**PROMPT**.
So that the copy stays text only, transcribe the data below exactly and exclude the images.

**INFORMATION SUPPLIED**.
Segment Open
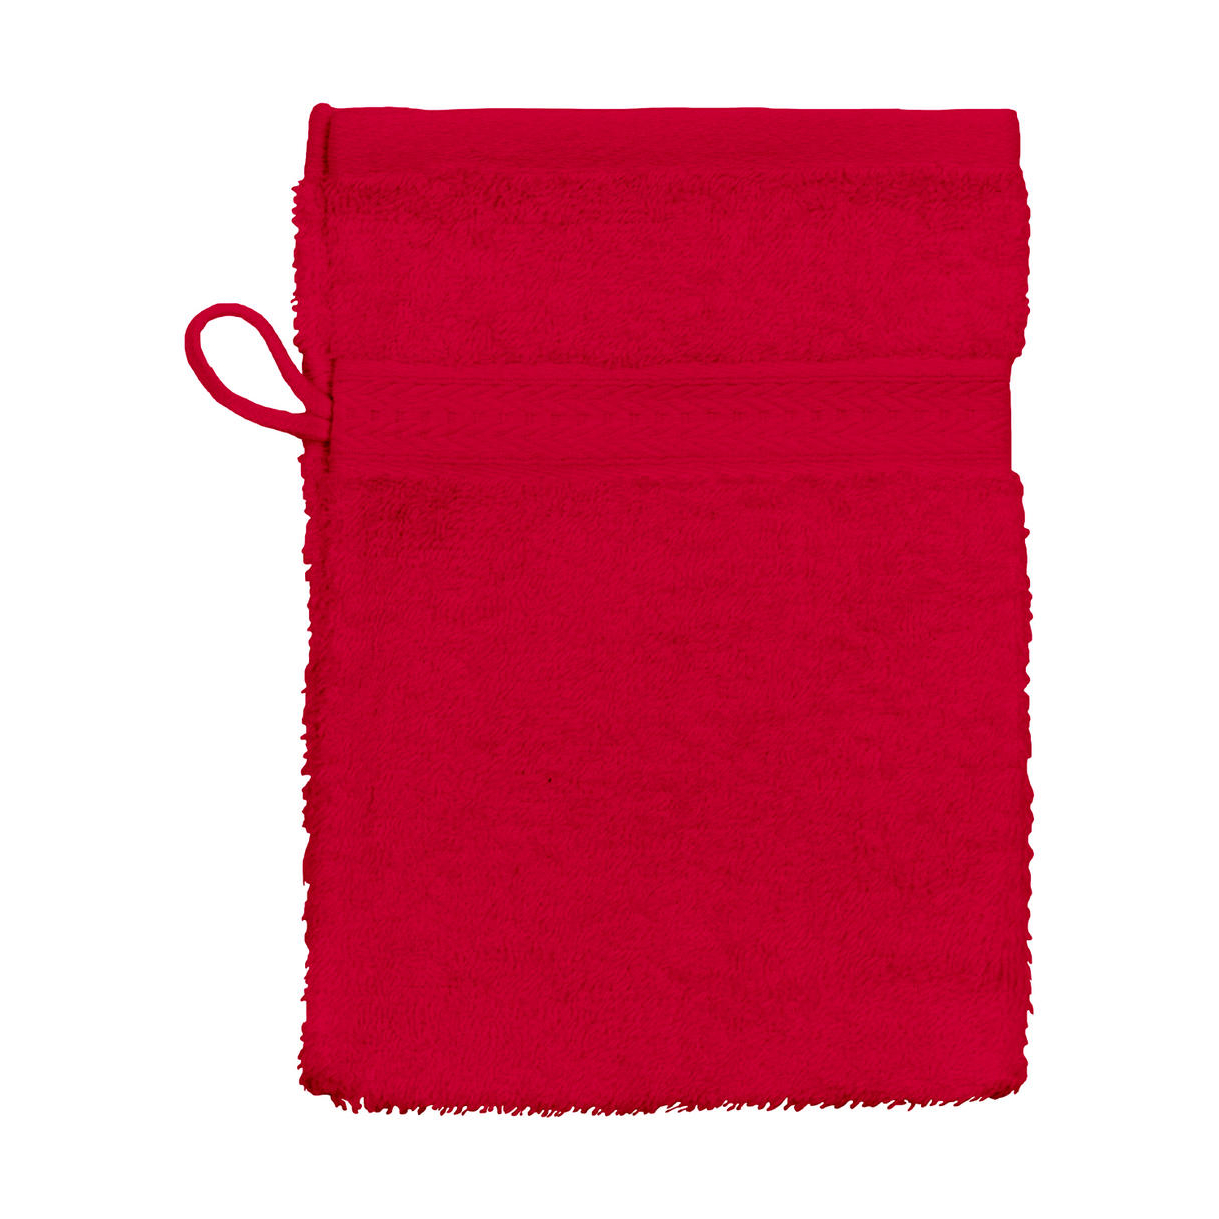 Mycí rukavice Jassz Rhine 16x22 cm - červené, 16x22
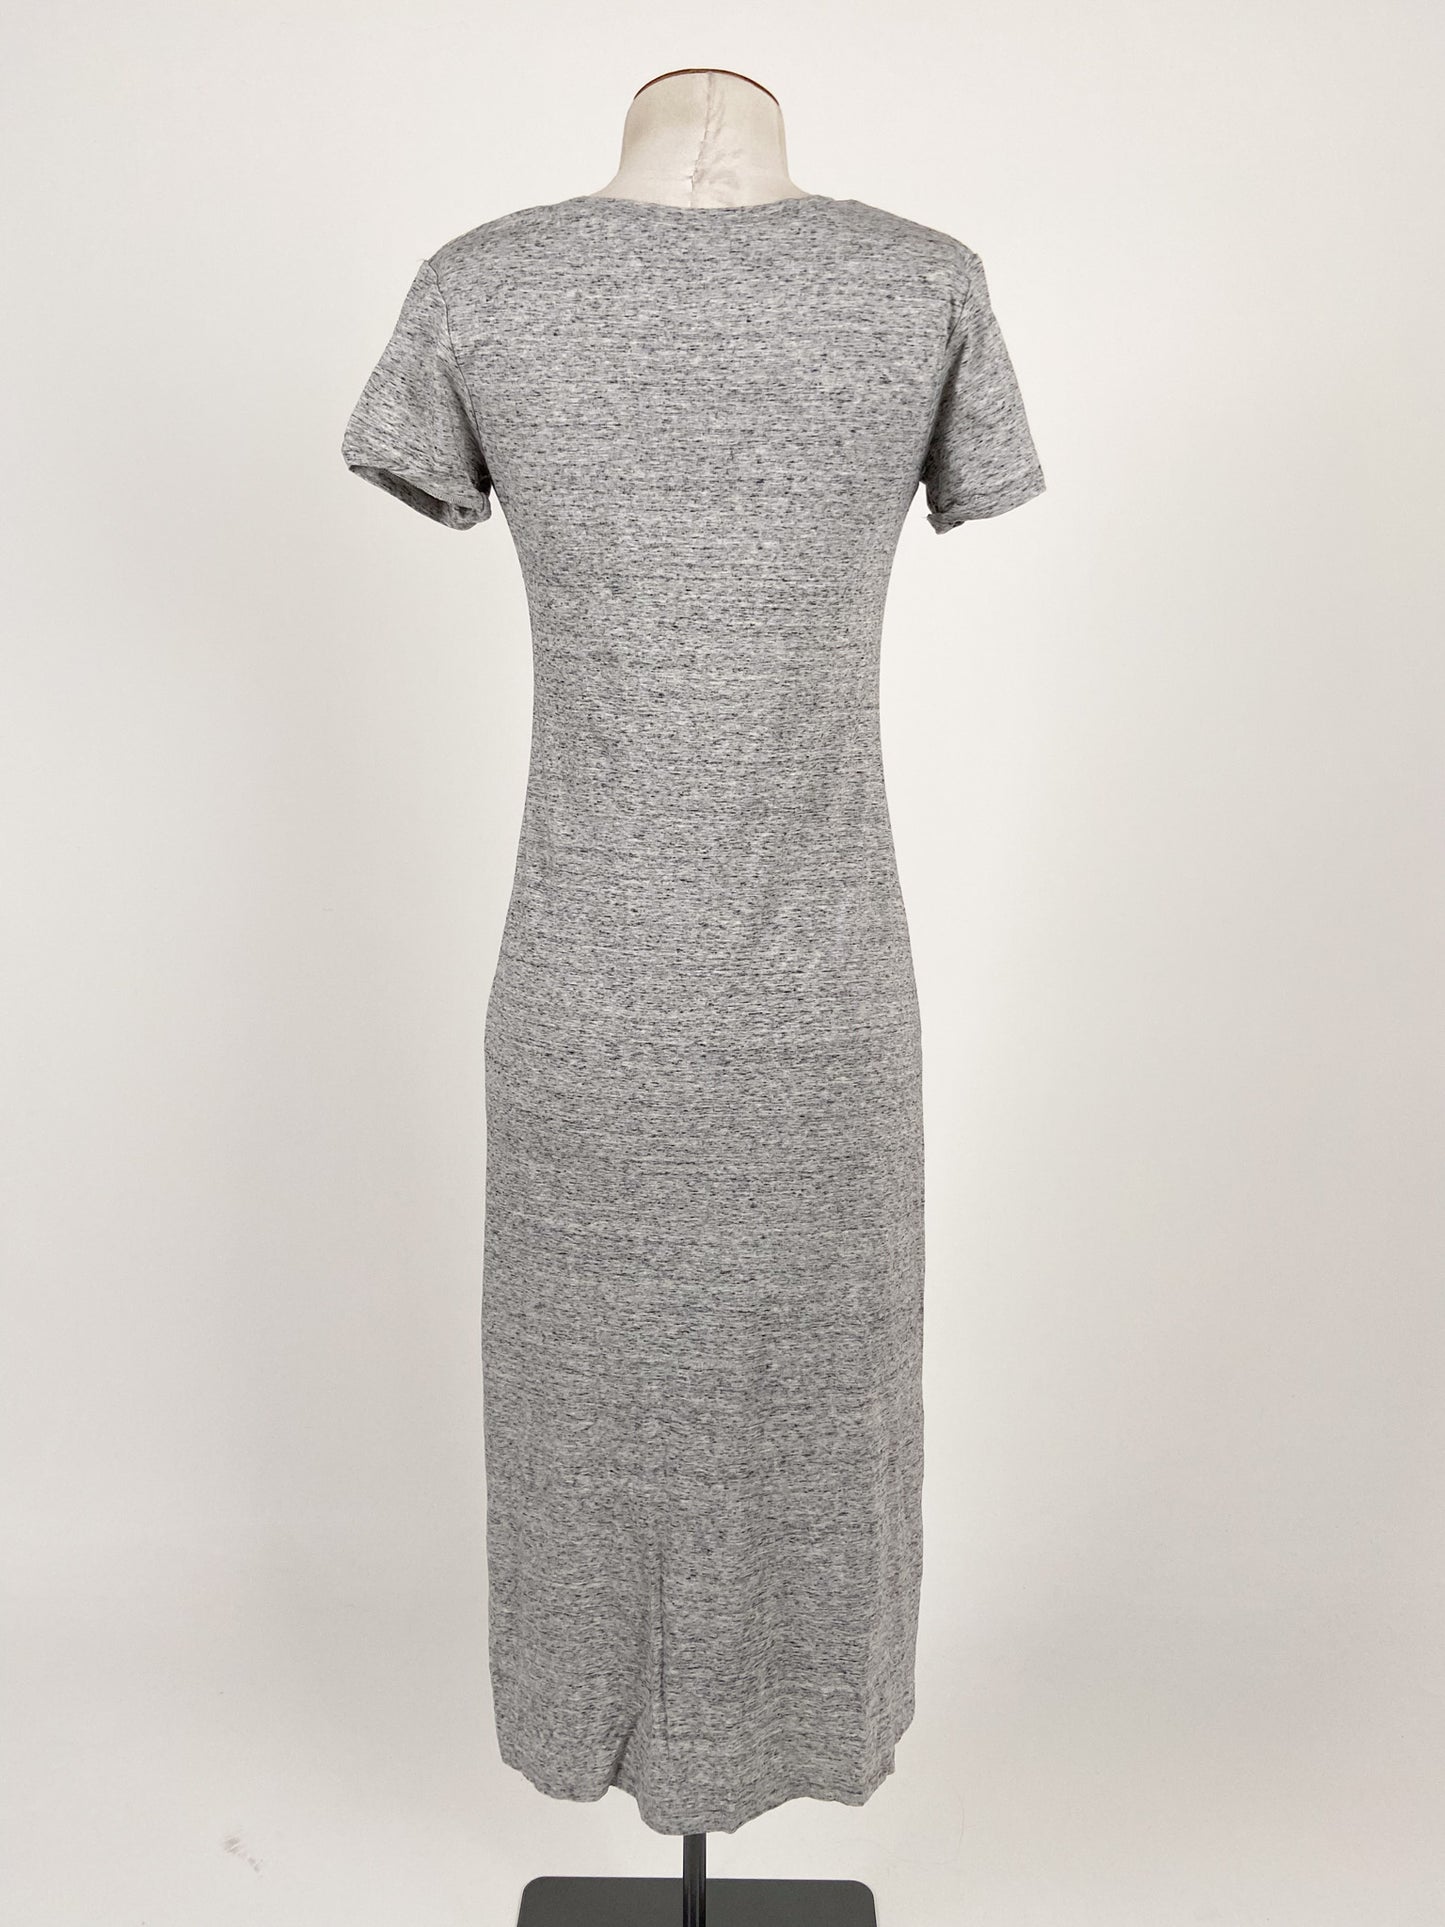 Uniqlo | Grey Casual Dress | Size M
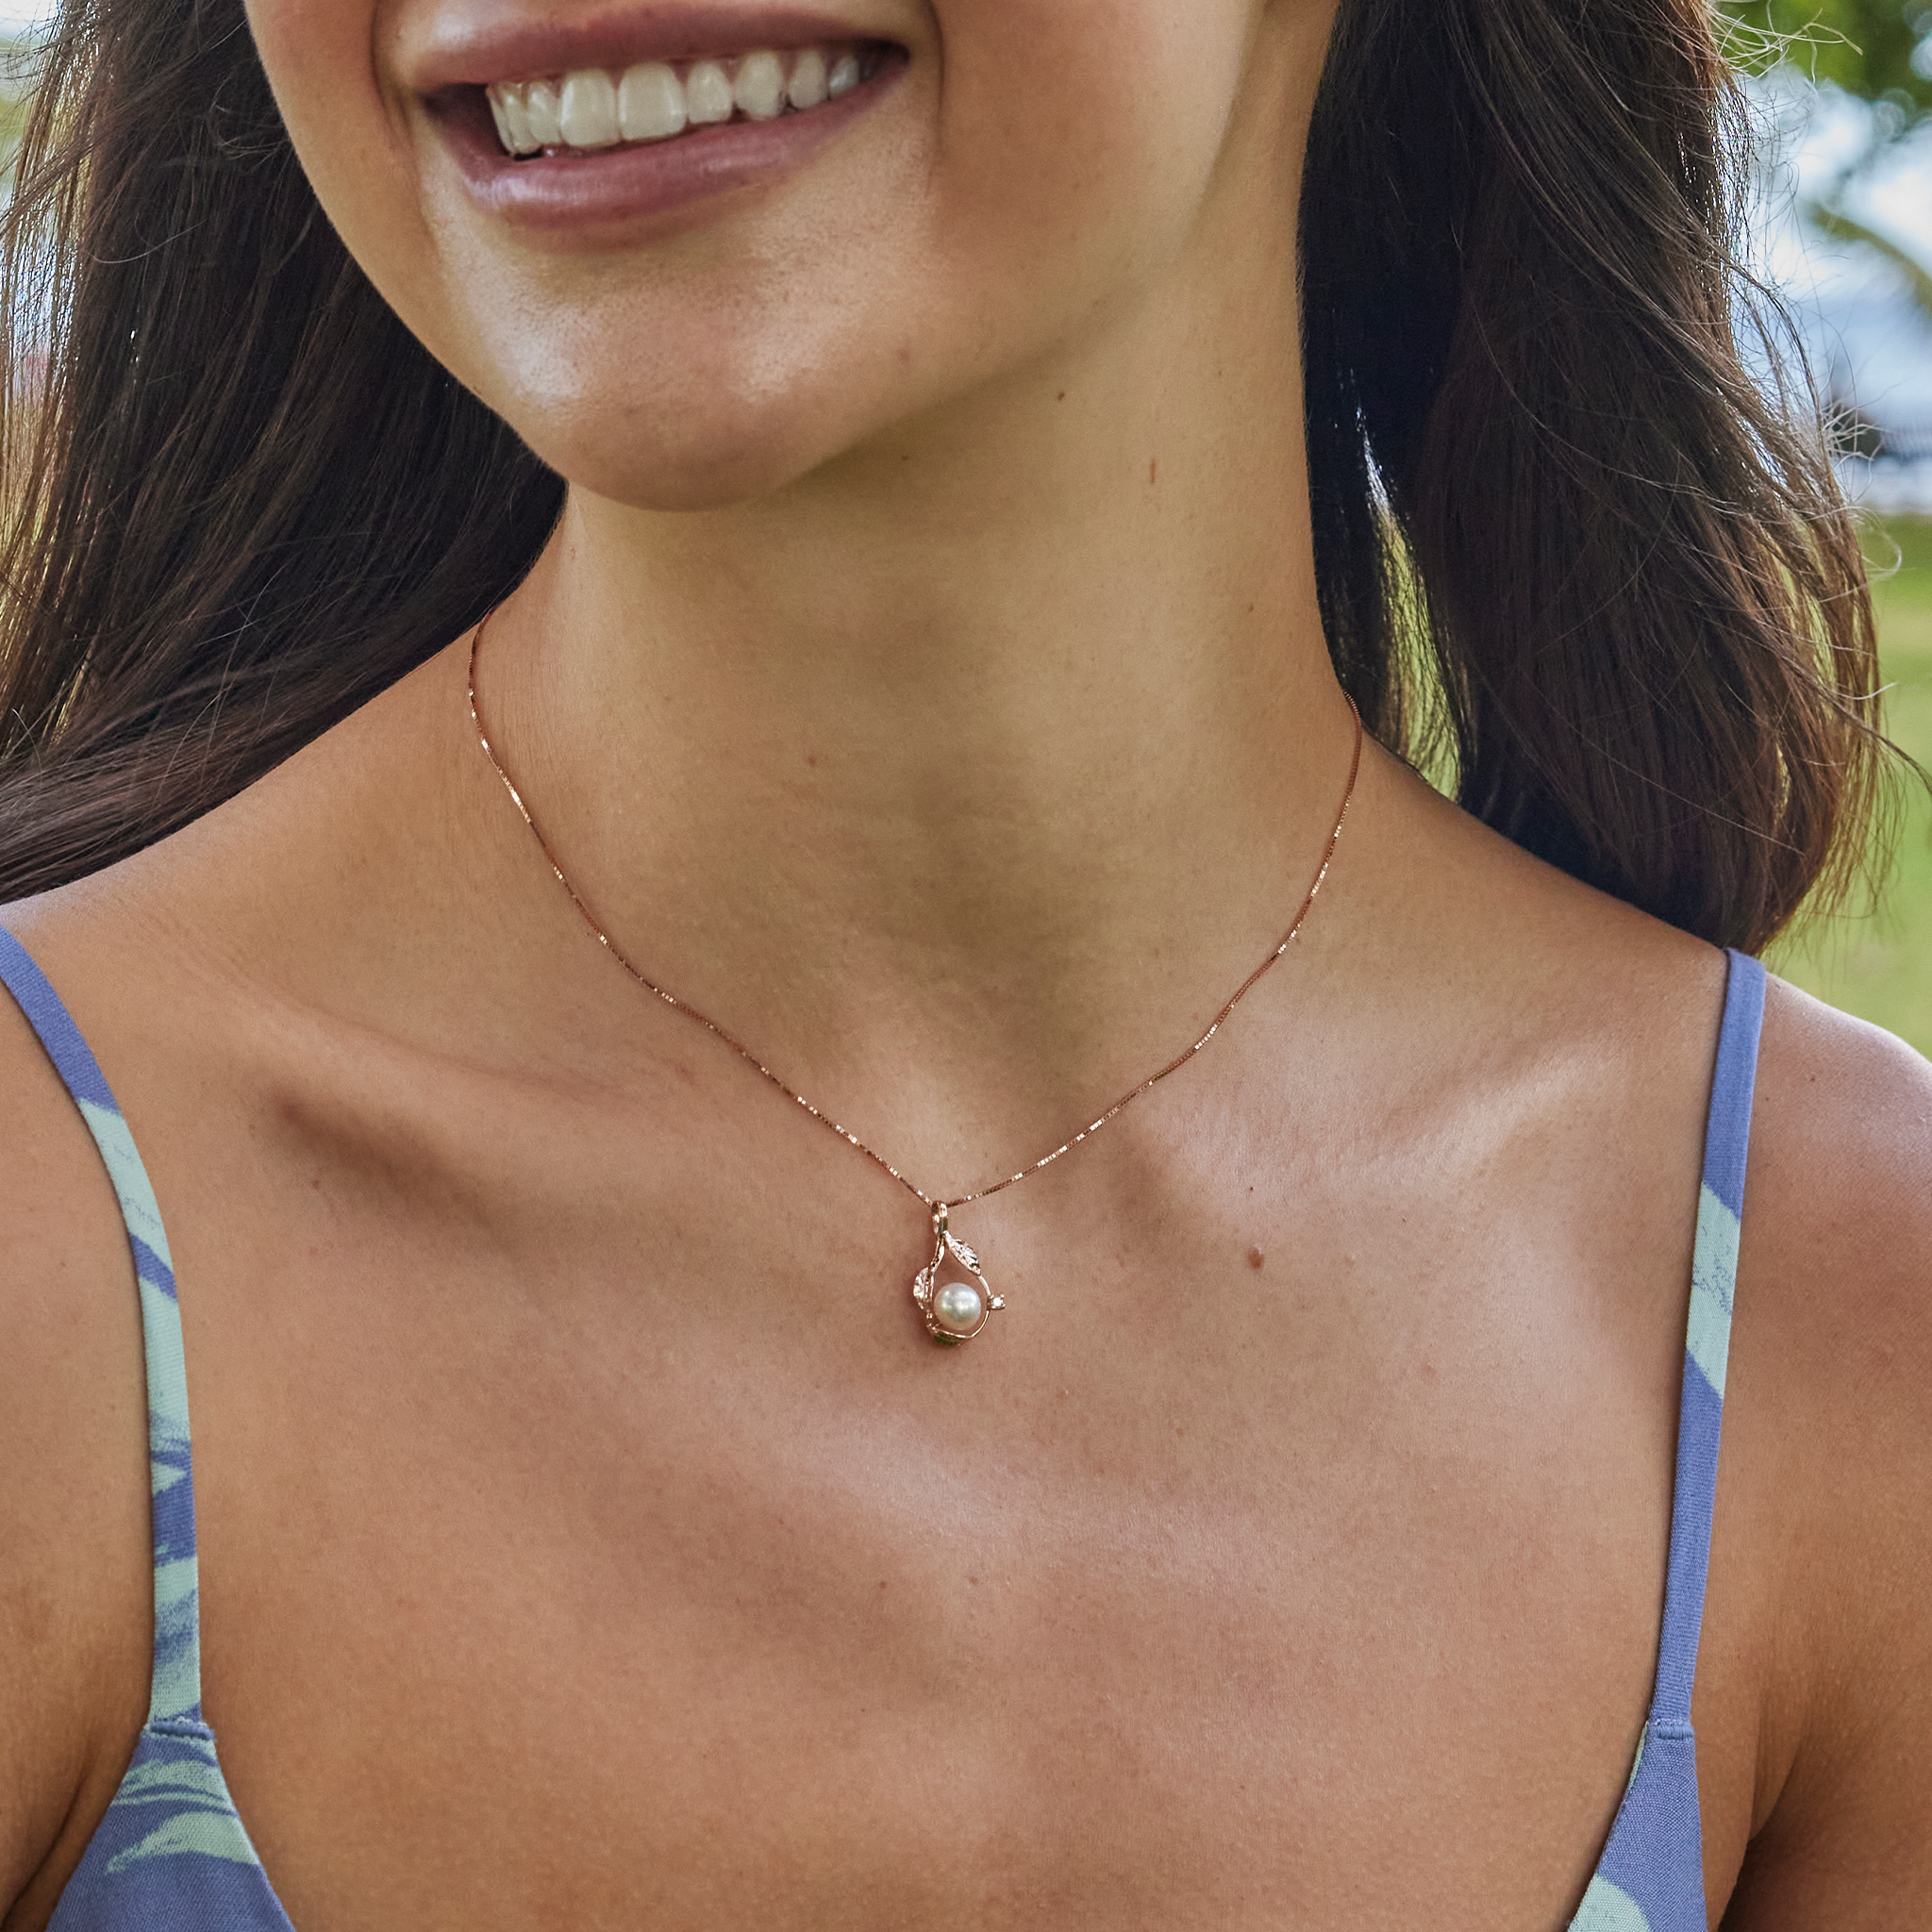 Choisissez un pendentif de perle en or rose avec des diamants
Segment Closed
**EXERCISE RESULT**.
 Mycí rukavice Jassz Rhine 16x22 cm - červené, 16x22
 Uniqlo | Grey Casual Dress | Size M
 Choisissez un pendentif de perle en or rose avec des diamants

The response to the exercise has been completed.